I lived in Boston for eleven years; I worked inside Manhattan’s Rockefeller Center for a summer. I once fell asleep in Spain and woke up in France. I’ve been to Ireland twice, Italy, Iceland and Scotland once, and to nearly every major American city for more than a weekend. I’ve never felt compelled to write about those places the way I do about Buffalo. It’s forever been an underutilized backdrop, full of faded glory amid glimmers of progress and waterfront panoramas; it’s loaded with complex characters striving for genuine salvation in the shadows of economic stall. Its story has surrounded my own story, and continues to affect me with its successes and failures. Some days, I smile at nineteenth-century buildings being refurbished by flanneled laborers; other days, I seethe down sidewalks as another Hunt Realty sign finds an empty storefront. Both experiences sear through me in different ways, both eliciting intense feelings usually reserved for personal hardships. But that tightening cringe in my stomach—whether from excitement or resentment—proves I care. It’s undeniable evidence of an intense and, at times, exhausting personal connection. And it’s a multi-faceted emotional connection that’s injected a voice, passion and literary purpose into every Buffalo-set item I’ve ever scribbled.

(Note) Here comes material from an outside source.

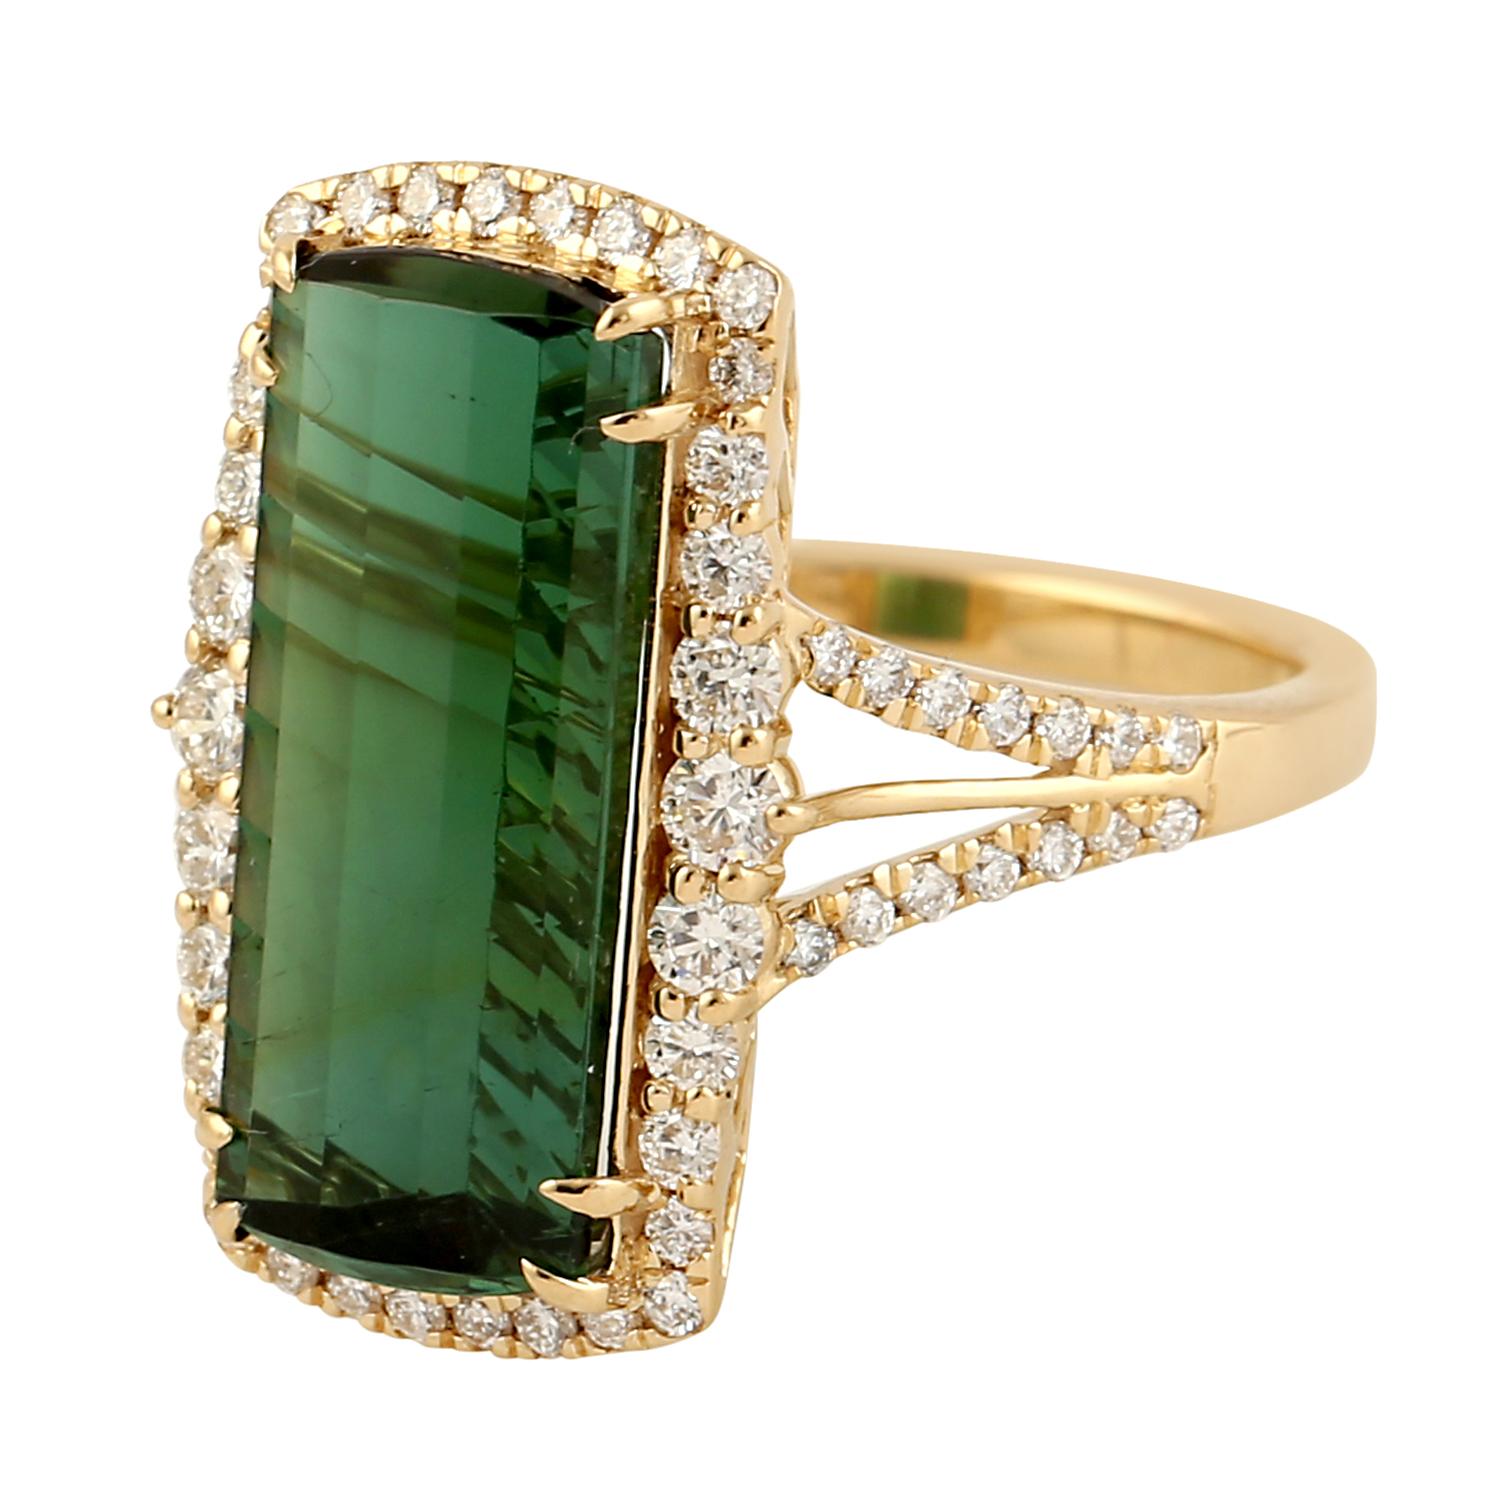 Women's Green Tourmaline Cocktail Ring With Pave Diamonds Made In 18k yellow Gold For Sale

And maybe that’s why I moved back here last year. Maybe I grew tired of disrespecting this connection, of treating it with distance when it’s actually truly special. Maybe I got sick of not contributing to the place whose avenues, buildings and barflies have given me chapters of narrative inspiration. Or maybe I’ve simply grown weary of writing essays, columns and novels about the only home I’d ever claim, all while keeping it four hundred miles away.
Whatever the reason, one thing is certain: I’m back, living and writing in the Queen City of the Lakes. Our winters are cold, but our summers are gorgeous. Our local economy’s inconsistent, but our neighborhoods are varied and vibrant. All our streets aren’t ripe with jewels, but many of them feel like mine. If you need me, I’ll be here.
This is my home.
(Author's note #2: This entry was posted while listening to "Vagabond Moon" by Willie Nile.)